2019-01-31T12:18:59.585Z cpu7:2097620)VMK_PCI: 914: device 0000:05:00.1 pciBar 0 bus_addr 0x91c00000 size 0x10000
2019-01-31T12:18:59.585Z cpu7:2097620)bnxtnet: bnxtnet_map_pci_mem:784: [0000:05:00.1 : 0x4309fd3bfe10] mapped pci bar 0 at vaddr 0x450196500000
2019-01-31T12:18:59.585Z cpu7:2097620)VMK_PCI: 914: device 0000:05:00.1 pciBar 2 bus_addr 0x91c10000 size 0x10000
2019-01-31T12:18:59.585Z cpu7:2097620)bnxtnet: bnxtnet_map_pci_mem:784: [0000:05:00.1 : 0x4309fd3bfe10] mapped pci bar 2 at vaddr 0x450196520000
2019-01-31T12:18:59.585Z cpu7:2097620)VMK_PCI: 914: device 0000:05:00.1 pciBar 4 bus_addr 0x91c40000 size 0x2000
2019-01-31T12:18:59.585Z cpu7:2097620)bnxtnet: bnxtnet_map_pci_mem:784: [0000:05:00.1 : 0x4309fd3bfe10] mapped pci bar 4 at vaddr 0x45019469c000
2019-01-31T12:19:00.090Z cpu7:2097620)WARNING: bnxtnet: hwrm_send_msg:168: [0000:05:00.1 : 0x4309fd3bfe10] HWRM cmd resp_len timeout, cmd_type 0x0(HWRM_VER_GET) seq 0
2019-01-31T12:19:00.090Z cpu7:2097620)DMA: 724: DMA Engine 'cumulus-0000:05:00.1' destroyed.
2019-01-31T12:19:00.090Z cpu7:2097620)DMA: 724: DMA Engine 'cumulus-co-0000:05:00.1' destroyed.
2019-01-31T12:19:00.090Z cpu7:2097620)WARNING: bnxtnet: bnxtnet_attach_device:208: [0000:05:00.1 : 0x4309fd3bfe10] failed to find cumulus device (status: Failure)
2019-01-31T12:19:00.090Z cpu7:2097620)Device: 2628: Module 22 did not claim device 0x602e4305d9cc7eef.

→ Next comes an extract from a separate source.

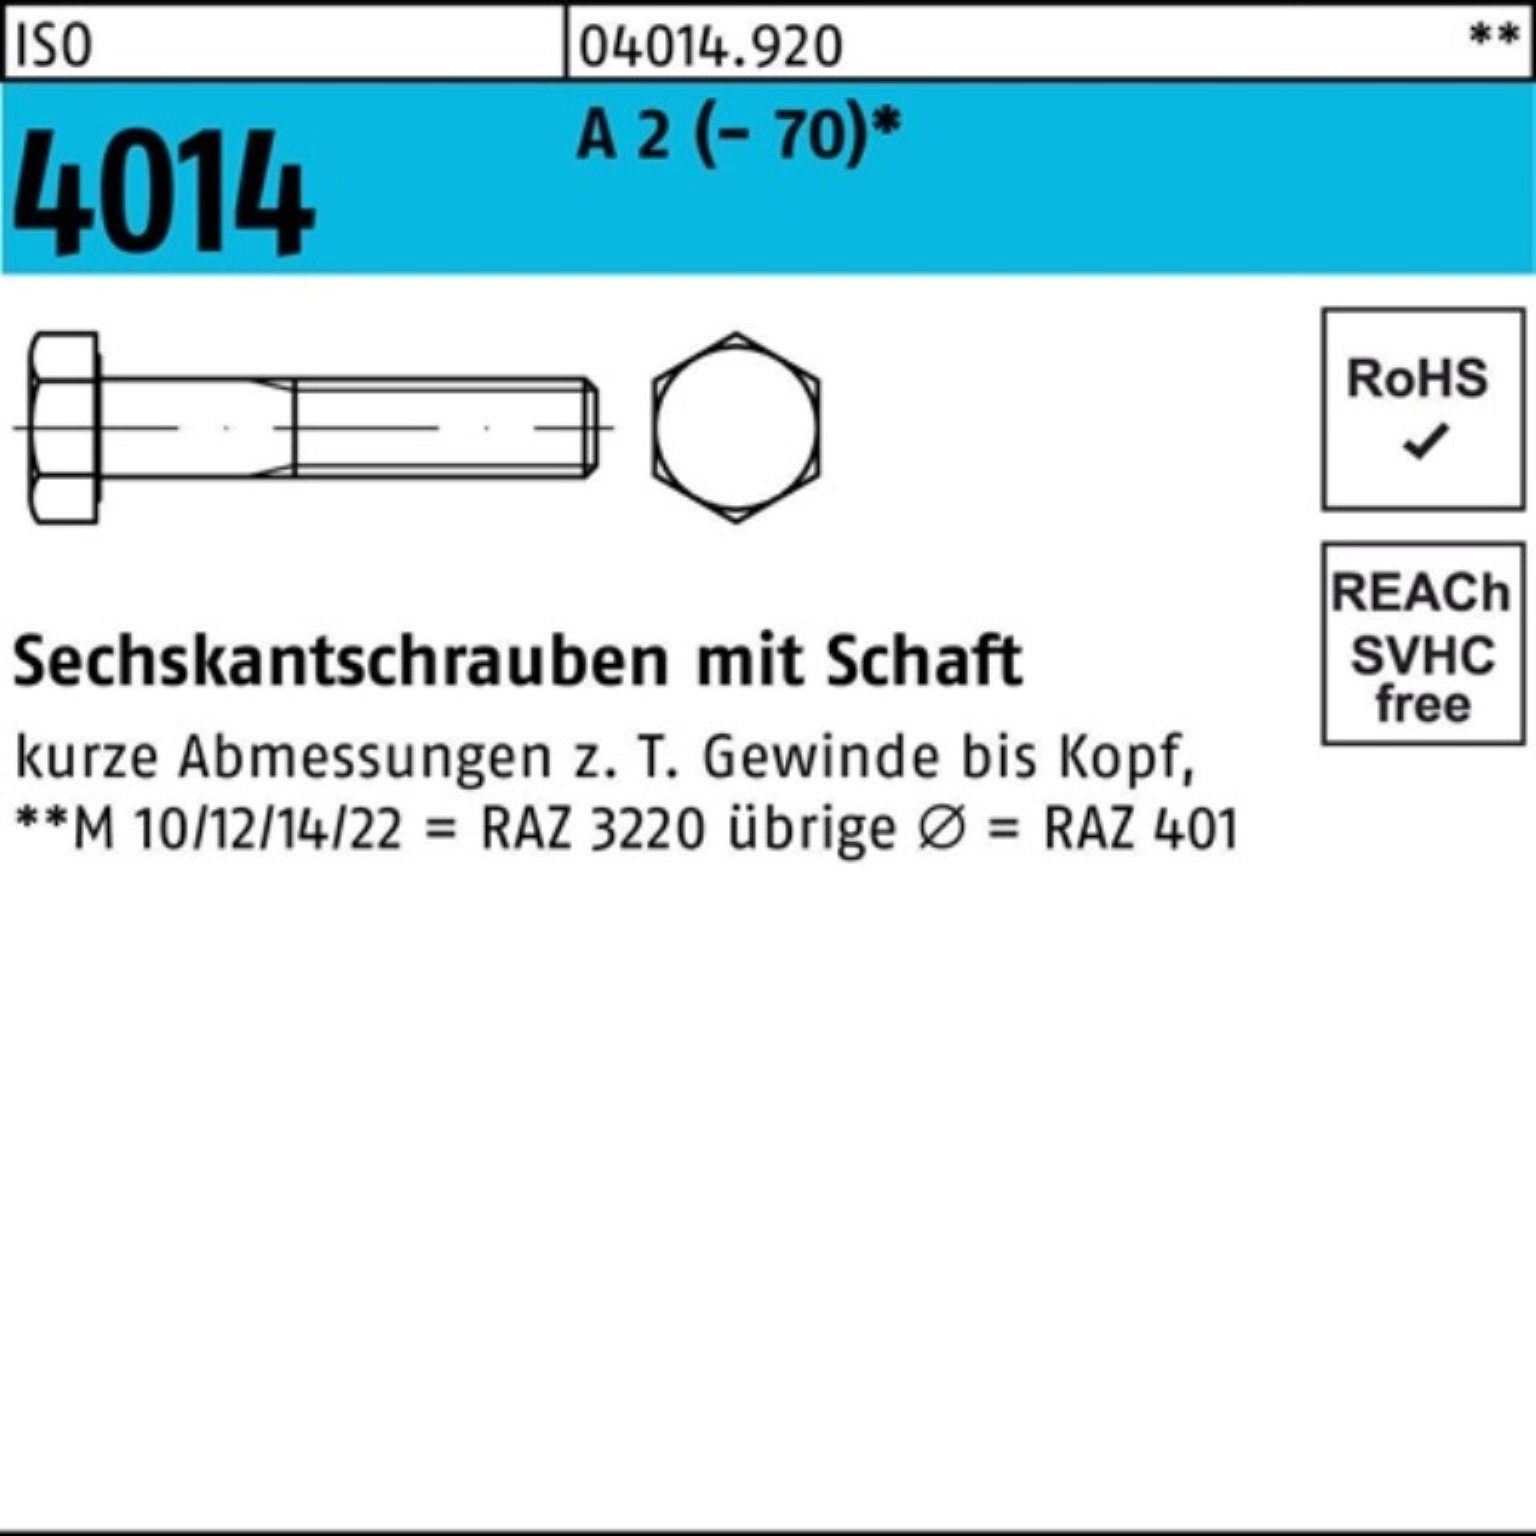 Bufab Sechskantschraube 100er Pack Sechskantschraube ISO 4014 Schaft M6x 80 A 2 (70) 100 St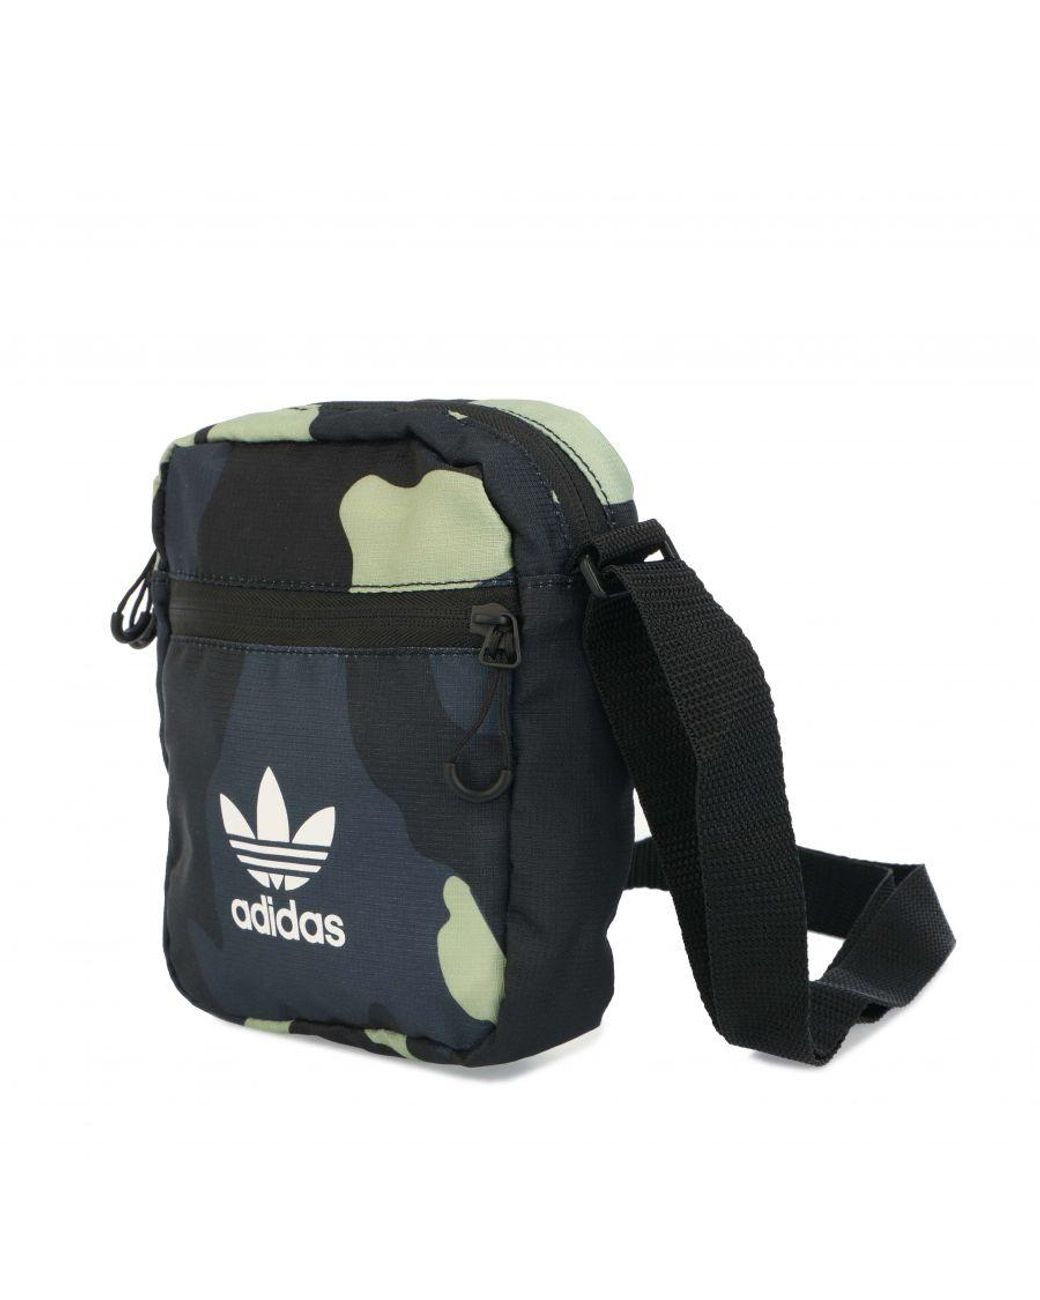 Adidas Originals Utility Festival Crossbody Bag Rain Camo Ink Blue OS for  sale online | eBay

The server with the working nic is actually working with the older driver
bnxtnet 20.6.101.7-11vmw.670.0.0.8169922 VMW VMwareCertified 2019-01-16
bnxtroce 20.6.101.0-20vmw.670.1.28.10302608 VMW VMwareCertified 2019-01-16
But I have tried the older and the newest version on the other three
bnxtnet 212.0.119.0-1OEM.670.0.0.8169922 BCM VMwareCertified 2019-01-31
bnxtroce 212.0.114.0-1OEM.670.0.0.8169922 BCM VMwareCertified 2019-01-31
I have swapped nics between the servers and the results are the same... the server with the working nic works with any of the nics and the other three servers won't so the physical nic cards are fine.
I don't know if this is a vmware or Dell issue.
Any ideas/thoughts on possible issues or other things to try? Next step is to swap the Dell PCI riser and see if maybe somehow that might be an issue.